> PROMPT: Reproduce word for word every line from the one containing "Фото - Платье" to the final line of the data below; omit the pictures.

[[ INFORMATION PROVIDED, beginning ]]

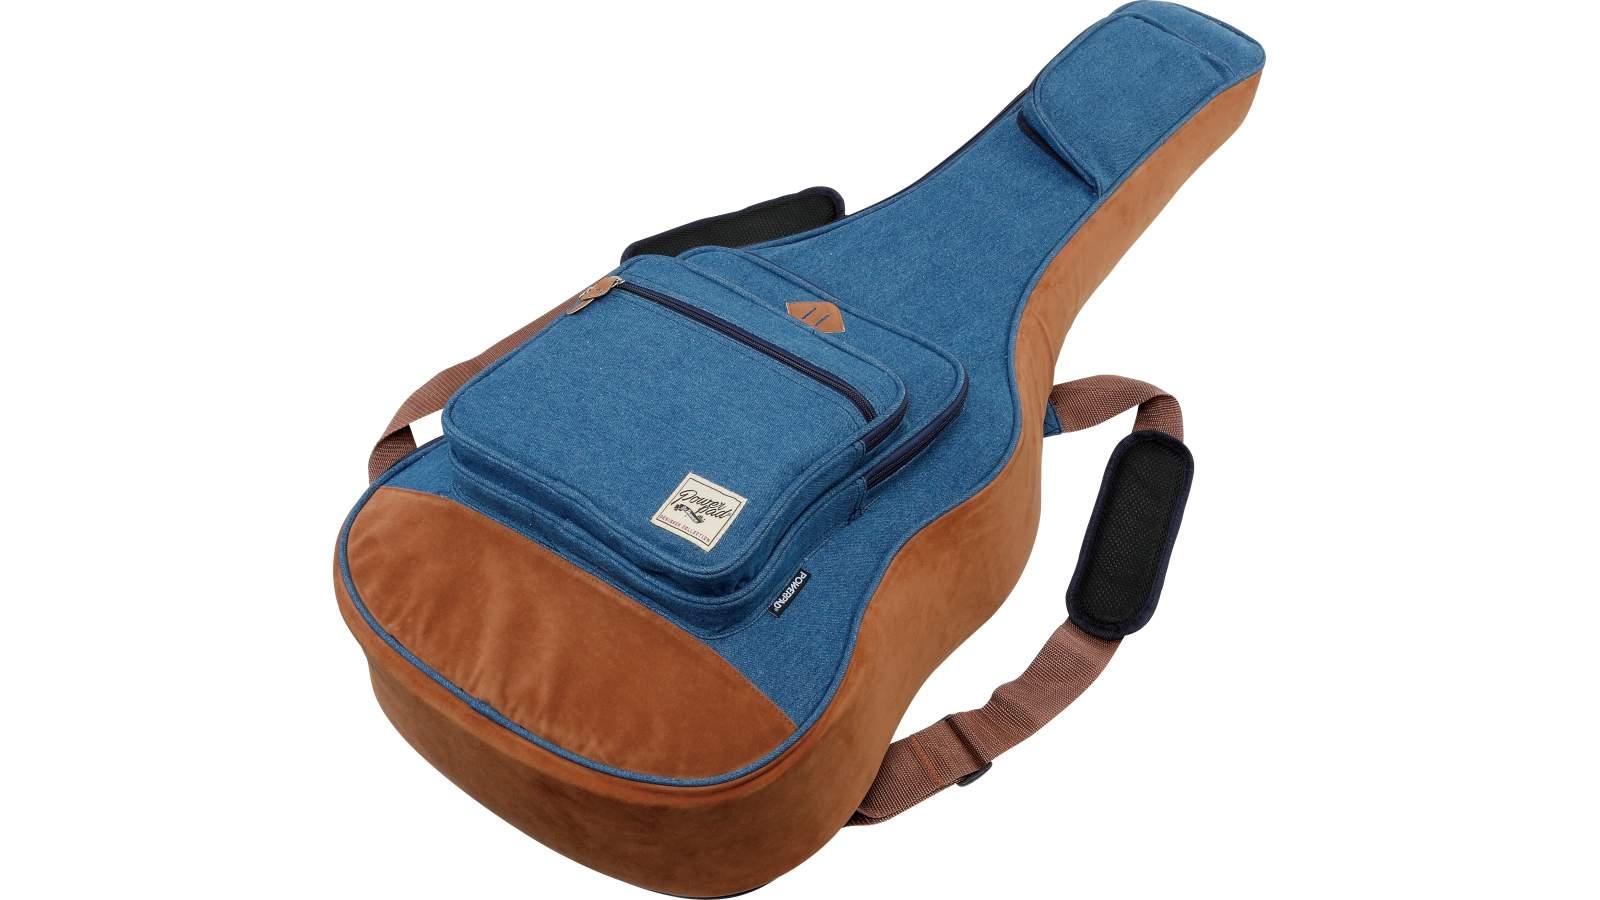 Ibanez ICB541D-BL Gigbag Klassikgitarre blue denim
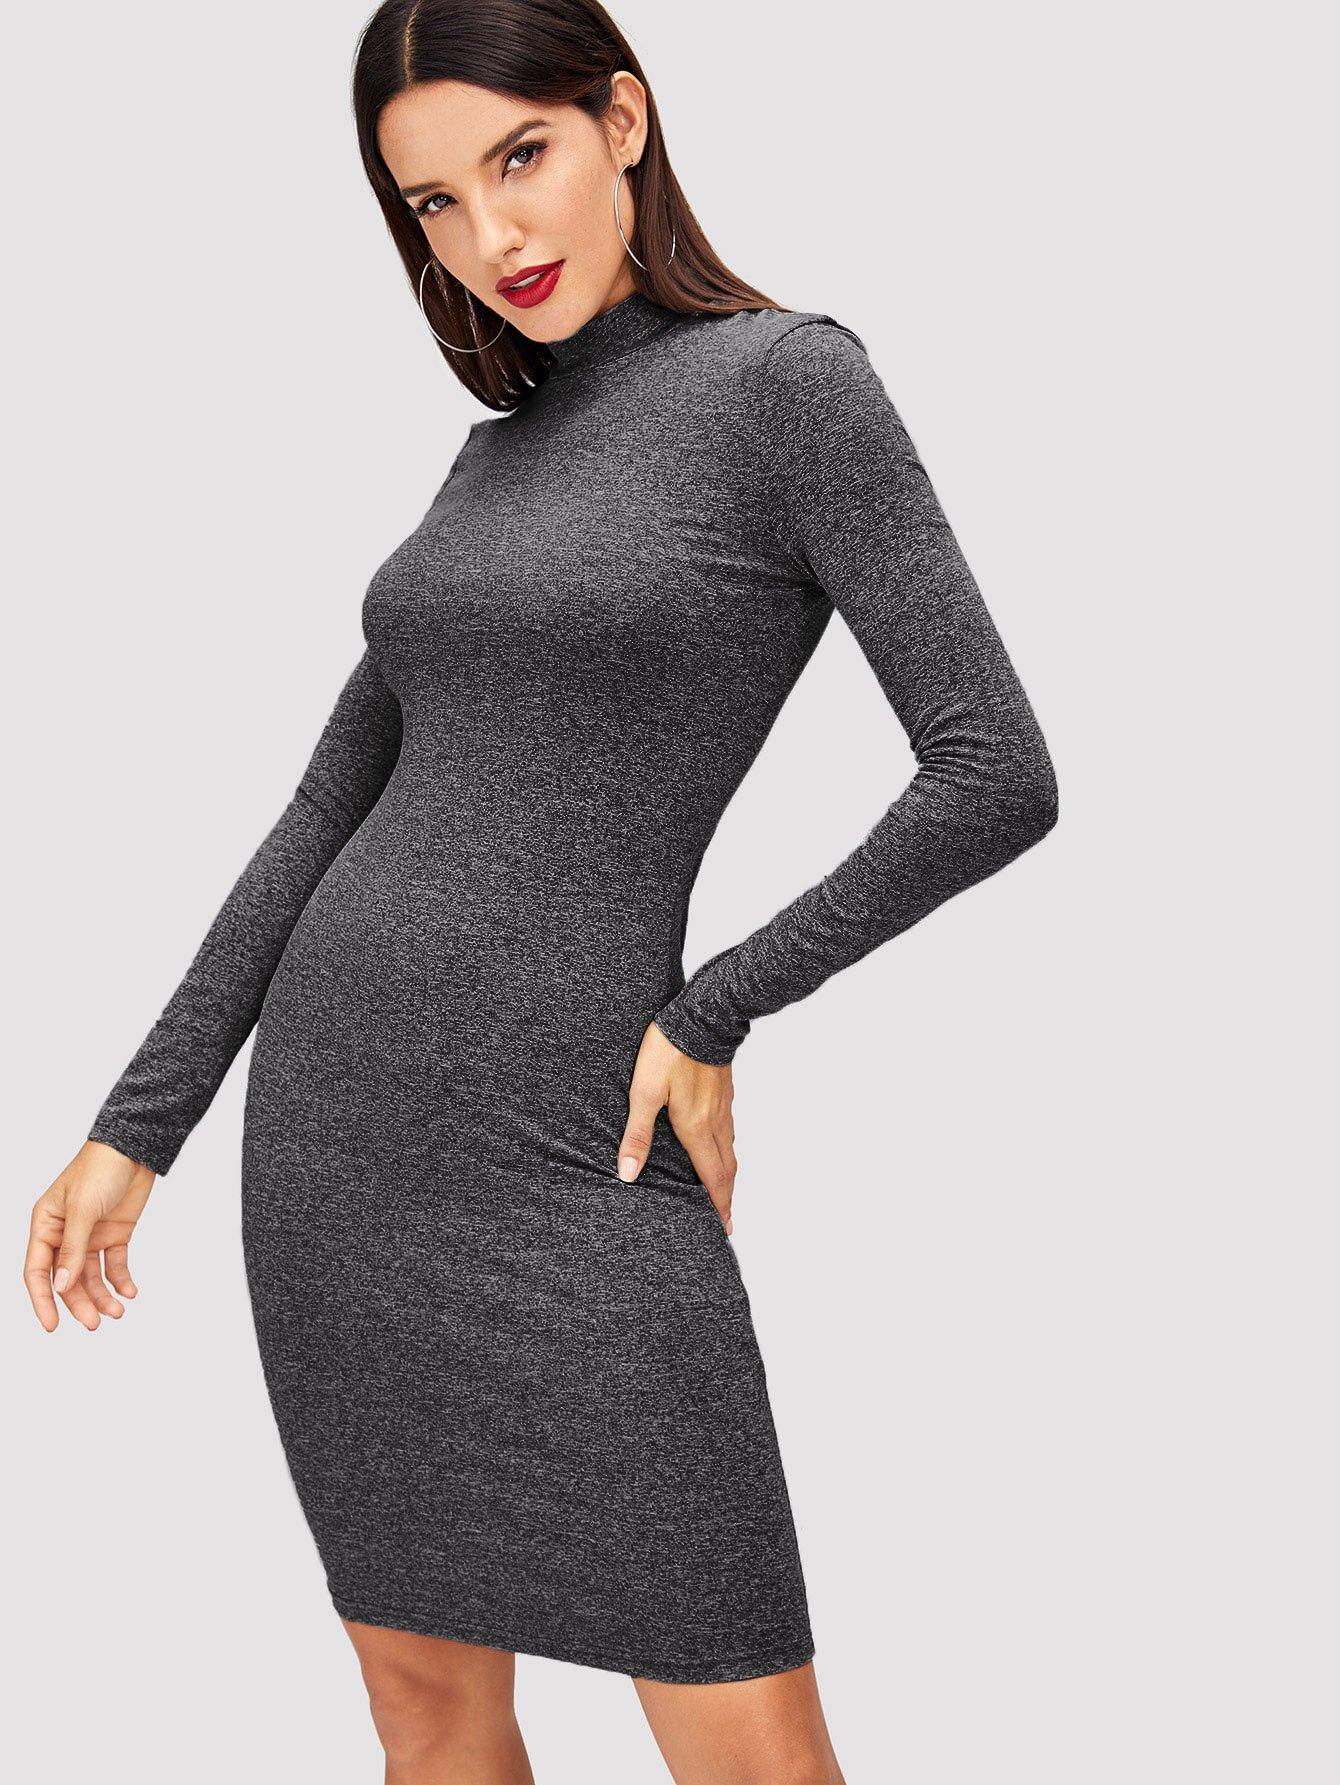 Фото - Платье с длинным рукавом с высоким вырезом от SheIn цвет серые
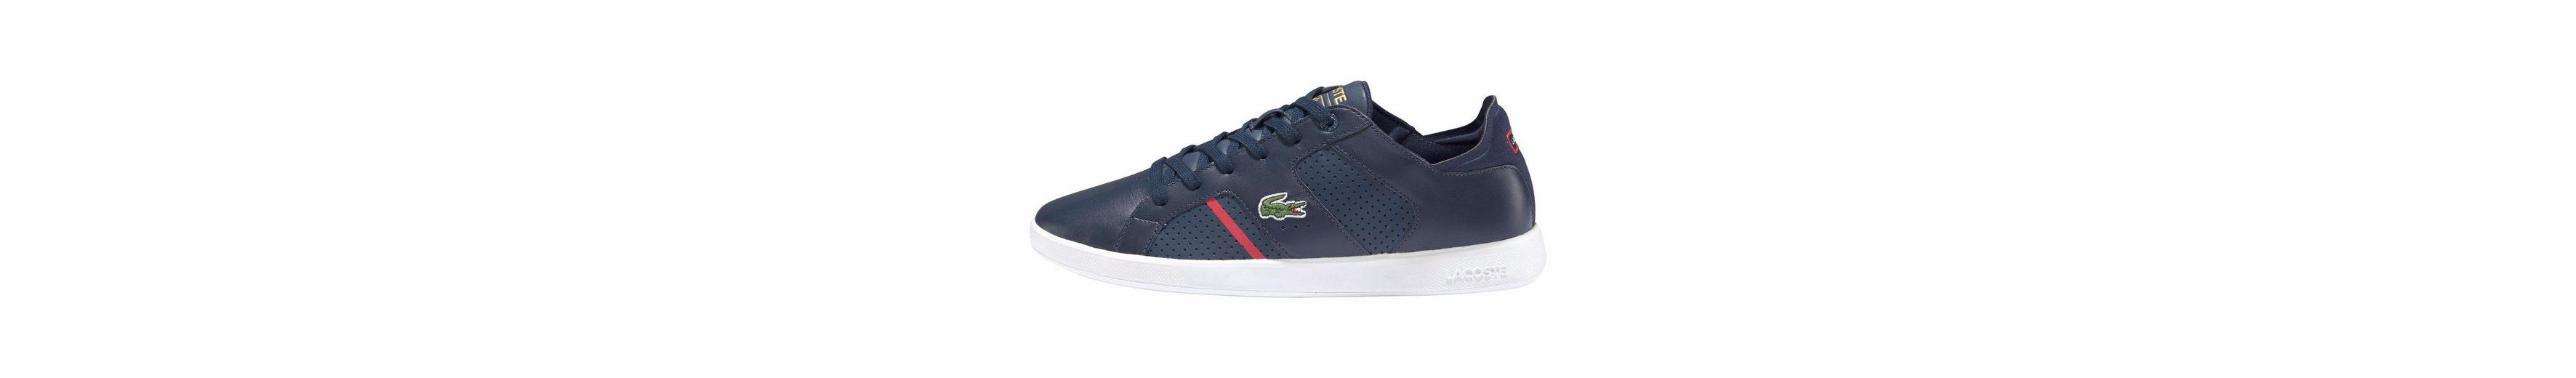 Zum Verkauf Finish Lacoste NOVAS CT 118 1 Sneaker Perfekt Verkauf Von Top-Qualität 100% Original Xy6EHE01N

[[ INFORMATION PROVIDED, end ]]

> FINAL ANSWER:
 Фото - Платье с длинным рукавом с высоким вырезом от SheIn цвет серые
 Zum Verkauf Finish Lacoste NOVAS CT 118 1 Sneaker Perfekt Verkauf Von Top-Qualität 100% Original Xy6EHE01N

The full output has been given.